____ SUPPLIED MATERIAL

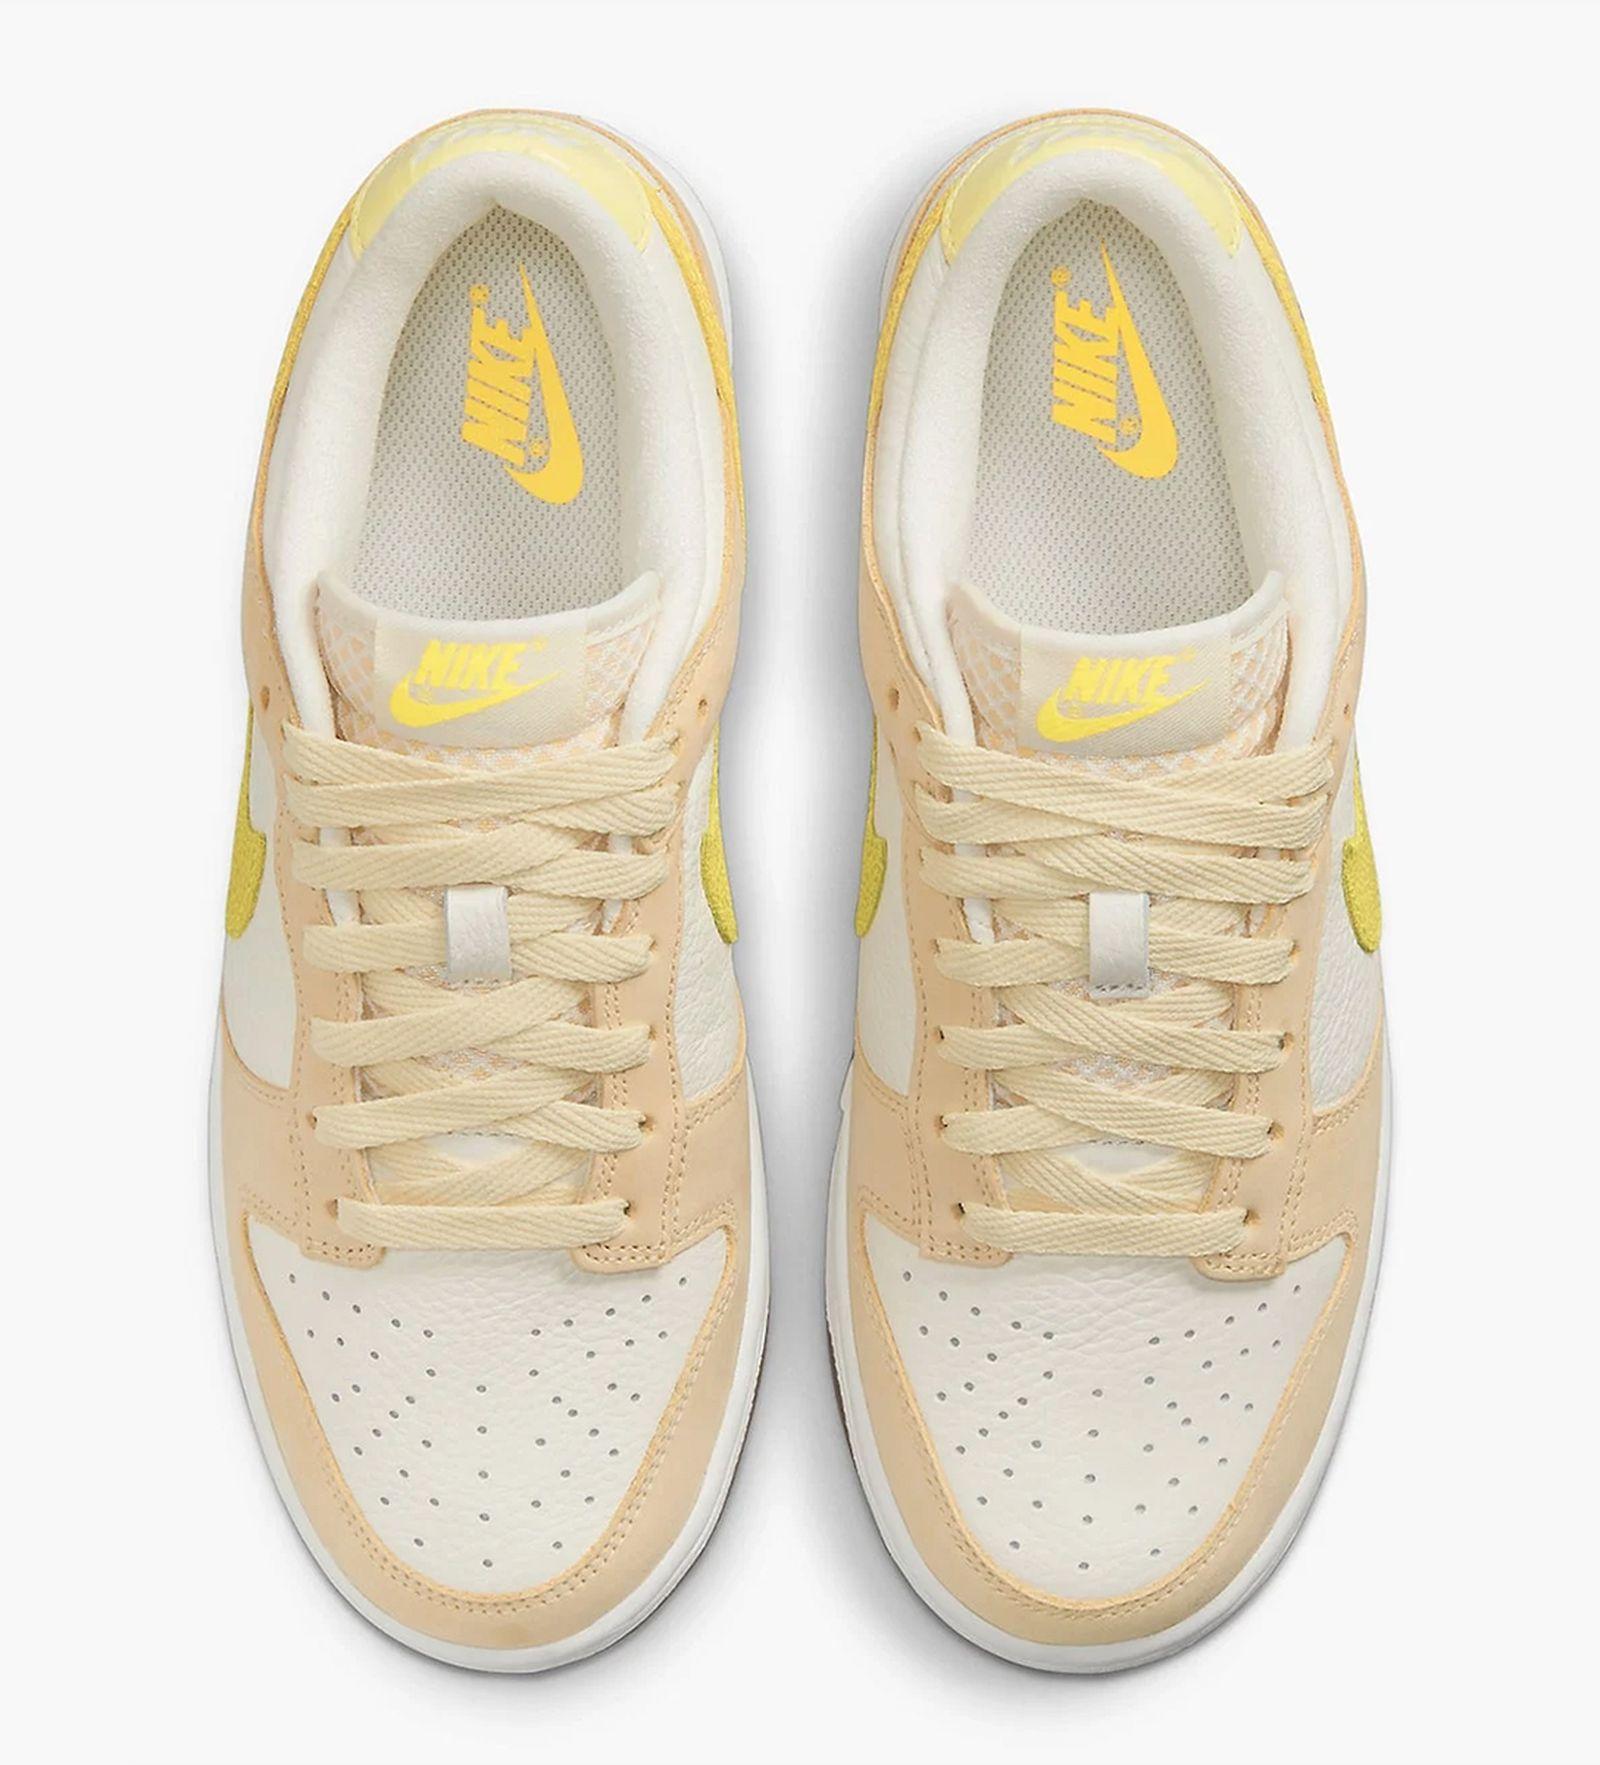 nike-dunk-low-lemon-drop-release-date-price-04
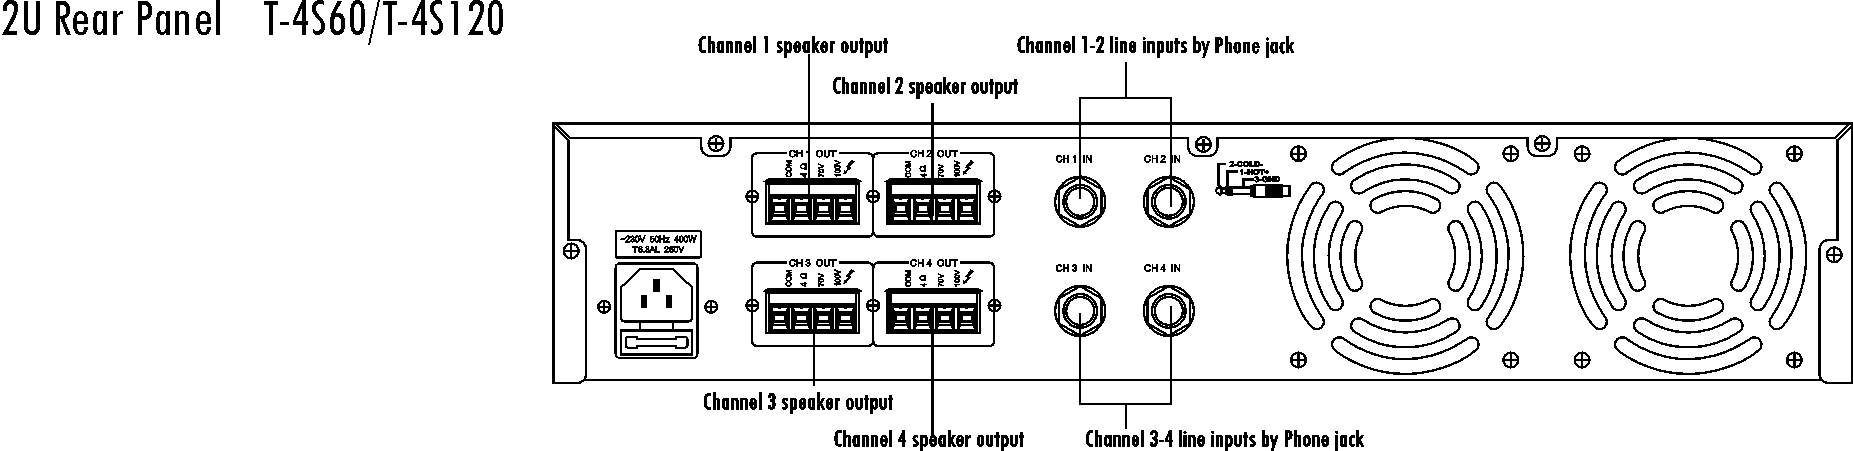 Itc Audio Public Address System Audio Video Conference
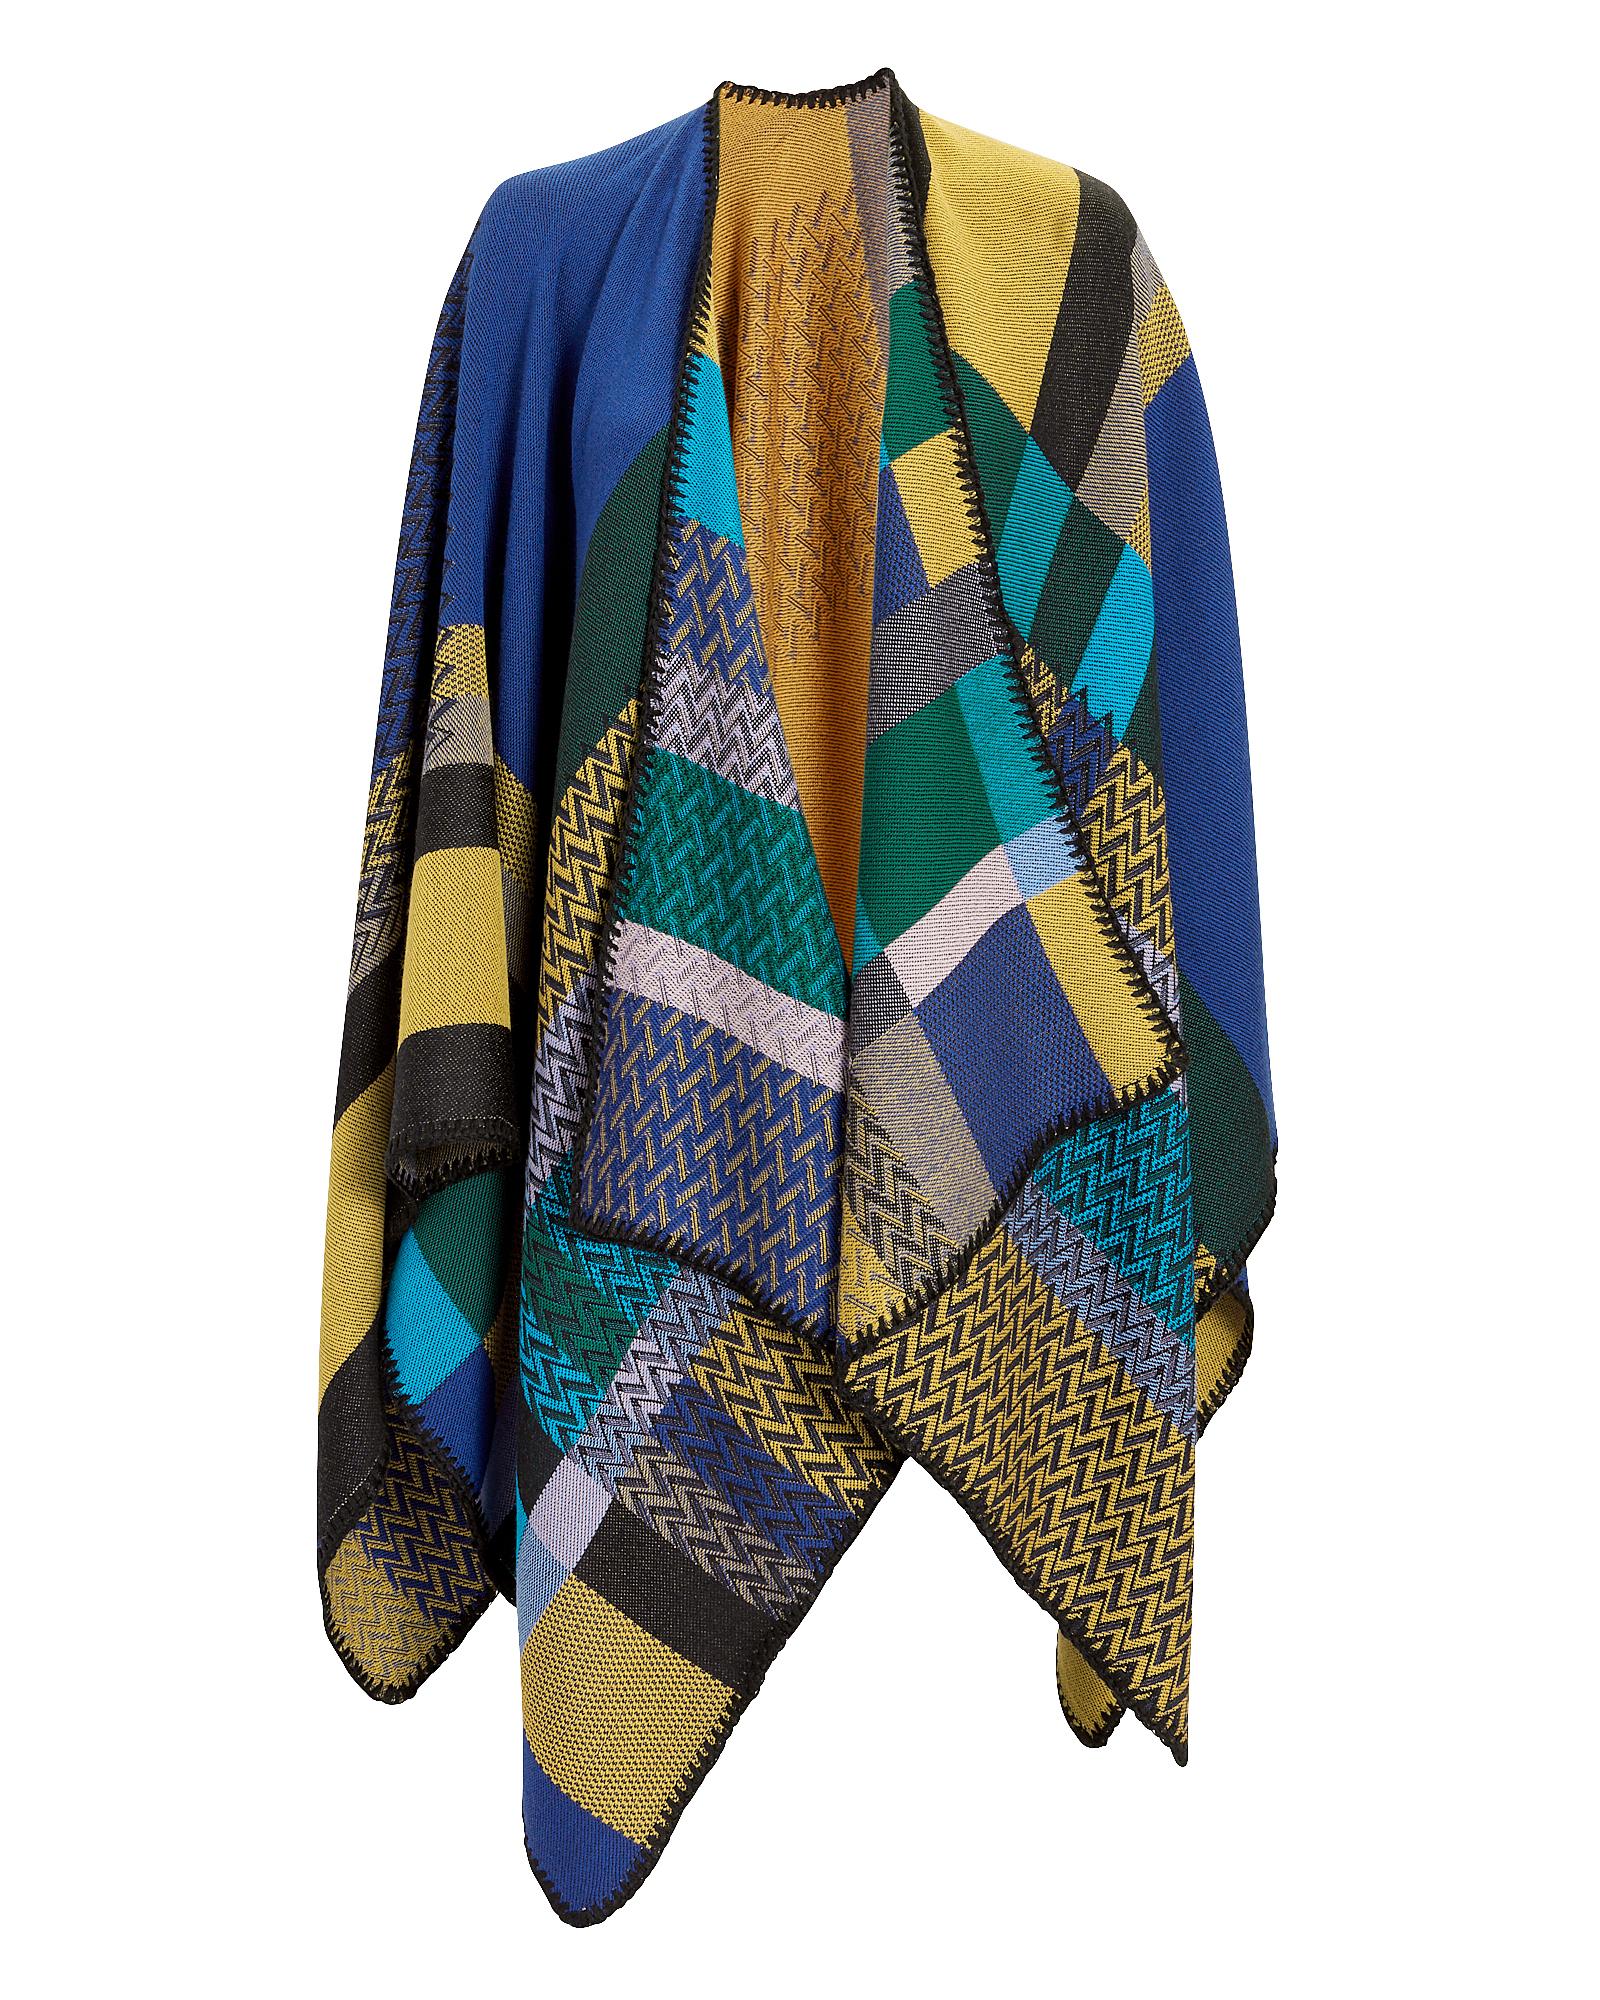 Mixed Knit Print Cape

________

The lines from the one with "Itc Audio Public" to the end of the data above should be retyped exactly, both ends included, and pictures are to be left out.

**WRITTEN ANSWER:**
 Itc Audio Public Address System Audio Video Conference
 Mixed Knit Print Cape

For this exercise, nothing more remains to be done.